Safety and Security
Safety & Security
Sex and Kidnap Offender Information

Sex Offenders

The North Seattle College Safety and Security Department considers the protection of our campus community from sex offenders of significant importance. The objective of the 1990 Community Protection Act was to provide adequate notice to the community concerning sex offenders who are, or will be attending, working or residing on the campus, and to assist our community members in developing constructive plans to prepare themselves and their children for residing near released sex offenders.

Information that is relevant and necessary to protect the public and to counteract the danger created by a particular offender is released pursuant to RCW 4.24.550. The extent and content of the disclosure of relevant and necessary information shall be related to:

  • • The risk posed by the offender to the community
  • • The location where the offender resides, intends to reside, is regularly found, or is employed
  • • The needs of affected community members for information that is necessary to protect their interests and safety.

The manner and mode of dissemination is restricted by the standards set forth by the legislature and interpreted by the Washington State Supreme Court in State v. Ward, 123 Wn. 2d 488, (1994) and its progeny.

Purpose of Notification

An informed public is a safer public. Notification is not intended to increase fear. Sex/kidnap offenders have always lived in our communities. Unless restricted by a court order, sex/kidnap offenders are constitutionally permitted to live wherever they choose. The legislature has determined that the purpose of the Community Protection Act of 1990 is

To assist law enforcement agencies' efforts to protect their communities by providing relevant and necessary information.
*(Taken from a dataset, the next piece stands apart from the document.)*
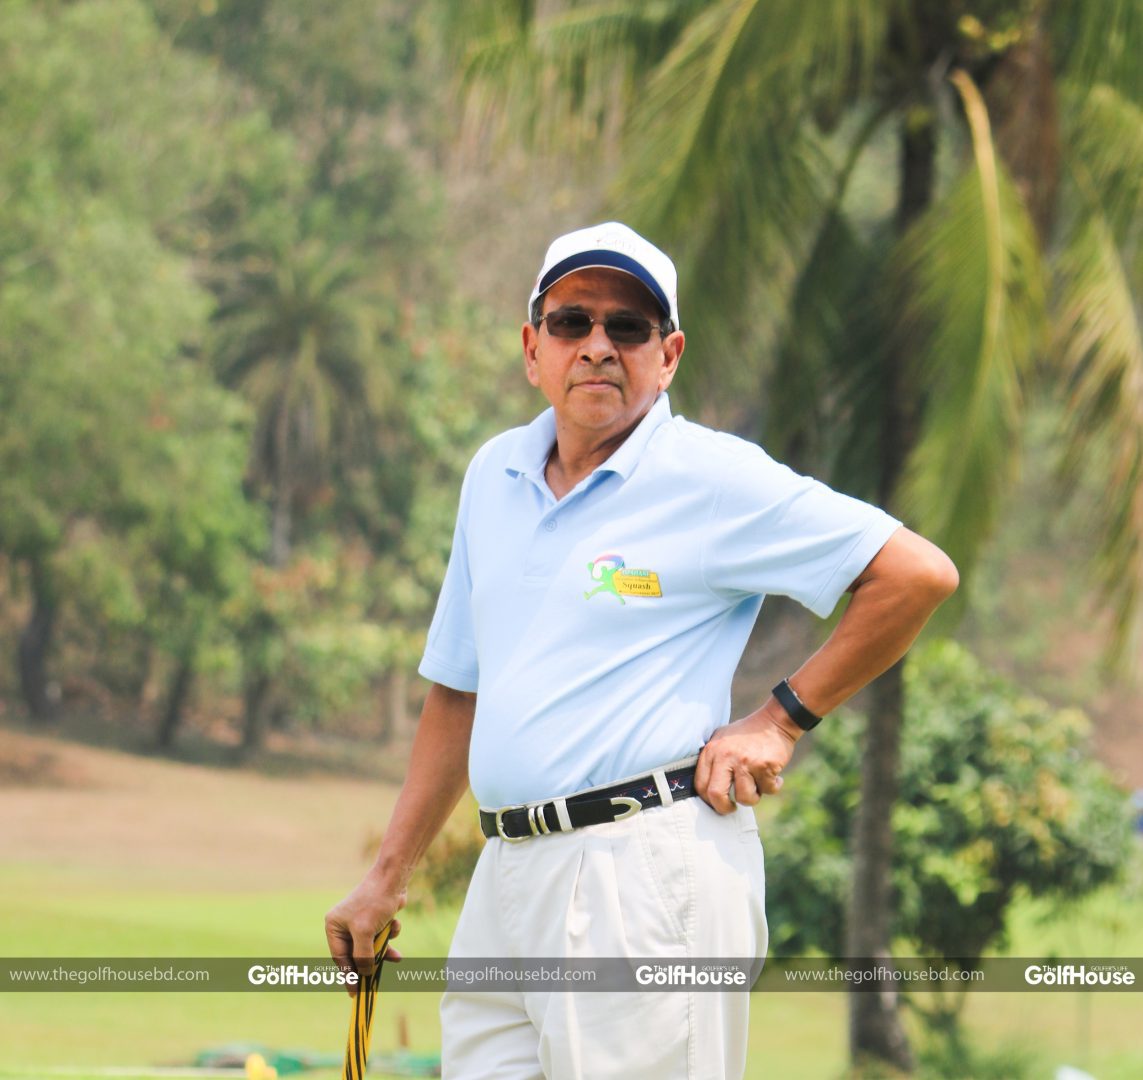 Meah_M_A_Rahim_is_the_Vice_President_of_Bhatiary_Golf_and_Country_Club_(BGCC)_in_Chittagong_Bangladesh.

If the public is provided adequate notice and information, the community can develop constructive plans to prepare themselves and their children for the offender's release.
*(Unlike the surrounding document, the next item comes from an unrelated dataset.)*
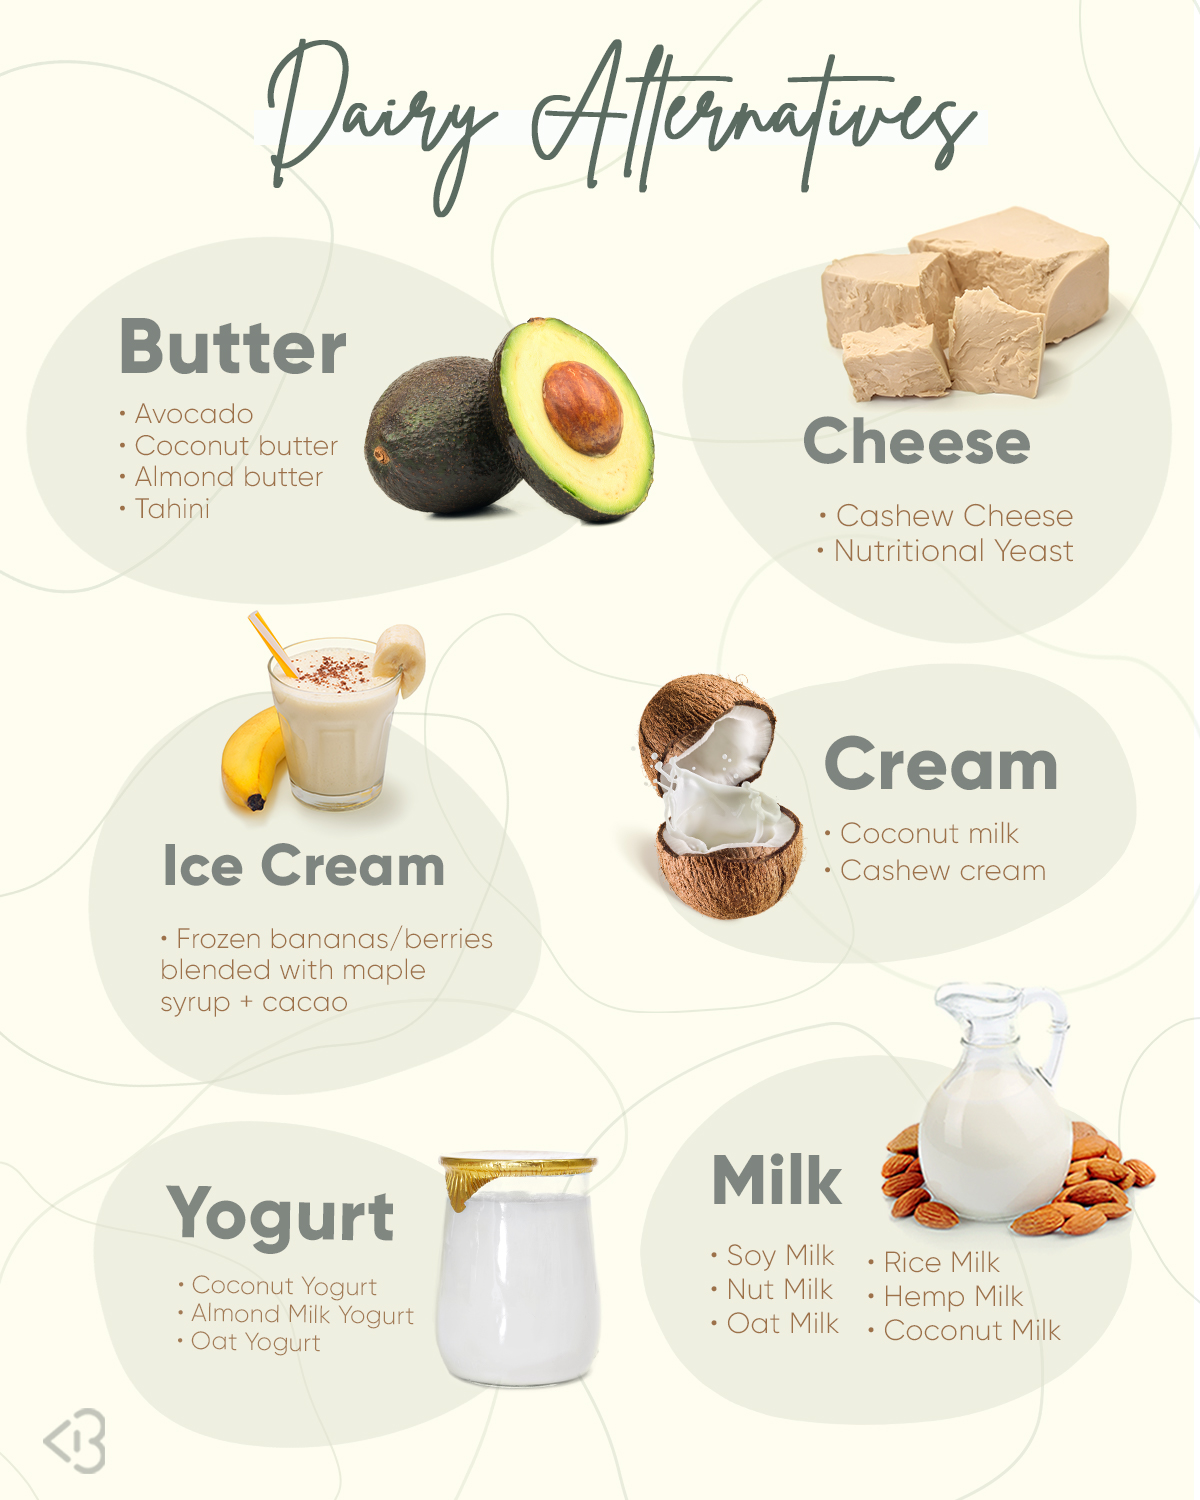 Dairy-free substitutes

The Department of Corrections, the Juvenile Rehabilitation Administration and the Indeterminate Sentence Review Board are required to classify all sex offenders released from their facilities into levels of risk (low, moderate or high). These agencies then issue to appropriate law enforcement agencies narrative notices regarding the pending release of sex offenders. The narrative notices describe the identity and criminal history behavior of the offender and shall include a risk level classification for the offender. Upon receiving a narrative notice, local law enforcement agencies review all available information and assign risk-level classifications to all sex offenders about whom information will be disseminated for the purpose of community notification.

Remember that these lists of registered sex offenders only contain the names of sex offenders who are obeying their requirement to register with the sheriff's office.
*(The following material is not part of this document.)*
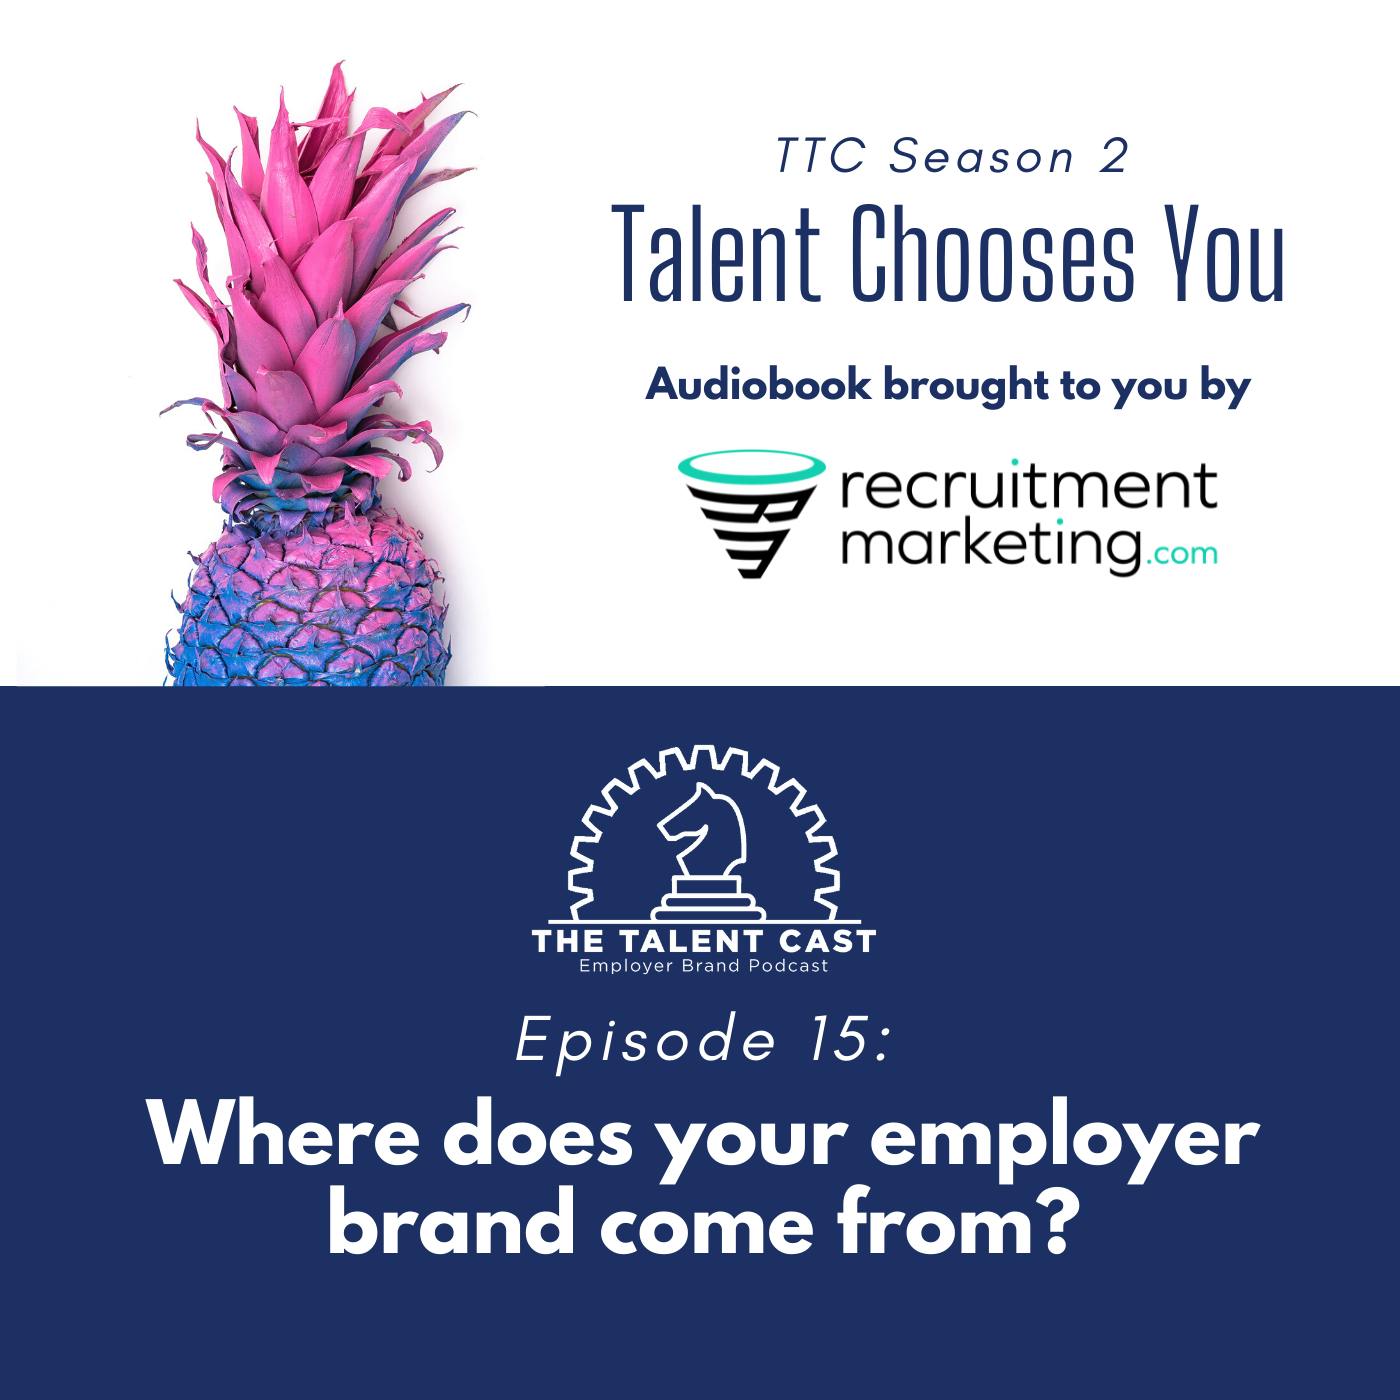 Where does your employer brand come from?

The North Safety and Security Department maintains records of sex offenders who have been brought to the attention of North Security by the Seattle or King County Police Departments as well as other law enforcement agencies. Additionally, the King County Sheriff's Office maintains an online registry of Level 2 and 3 sex offenders who are registered to live in King County. You can search for offenders by zip code or by an offender's name.

Using this public information to threaten, intimidate or harass sex/kidnap offenders will not be tolerated by the North  Seattle College Administration. This abuse could potentially terminate law enforcement's ability to release this important information to the public.

What are the different sex offender levels and what do they mean?

Level I

The vast majority of registered sex offenders are classified as Level 1 offenders. They are considered at low risk to re-offend. These individuals may be first time offenders and they are usually known by their victims. They normally have not exhibited predatory type characteristics and most have successfully participated or are participating in approved treatment programs. Many are first time offenders. Level I offenders may not be the subject of general public notification.

Washington State Law strictly limits public disclosure of all Level I Registered Sex Offender information. Information shall be shared with other law enforcement agencies. Upon request, relevant, necessary and accurate information may be disclosed to any victim or witness to the offense and to any individual community member who lives near the residence where the offender resides, expects to reside, or is regularly found. Level I offenders may not be the subject of general public notification.

 

Level II

Level 2 offenders have a moderate risk of re-offending. They generally have more than one victim and the abuse may be long term. These offenders usually groom their victims and may use threats to commit their crimes. They have a higher likelihood of re-offending than the Level 1 offenders. They are considered a higher risk to re-offend, because of the nature of their previous crime(s) and lifestyle (drug and alcohol abuse and other criminal activity). Some have refused to participate or failed to complete approved treatment programs. Typically these individuals do not appreciate the damage they have done to their victims.

Washington State Law Prohibits the Public Disclosure of Level II Registered Sex Offenders except under specific criteria. Level II notifications including relevant, necessary and accurate information may be disclosed to public and private schools, child day care centers, family day care providers, businesses and organizations that serve primarily children, women or vulnerable adults, and neighbors and community groups near the residence where the offender resides, expects to reside, or is regularly found. Level II offenders may not be the subject of general public notification.

 

Level III

Level 3 offenders are the greatest risk to the community. Most are predatory, have other violent crime convictions, refused treatment and are known substance abusers. Community notification is the most extensive.

Washington State Law permits notifications about Level III offenders that include relevant, accurate and necessary information. This information may be disclosed to the public at large.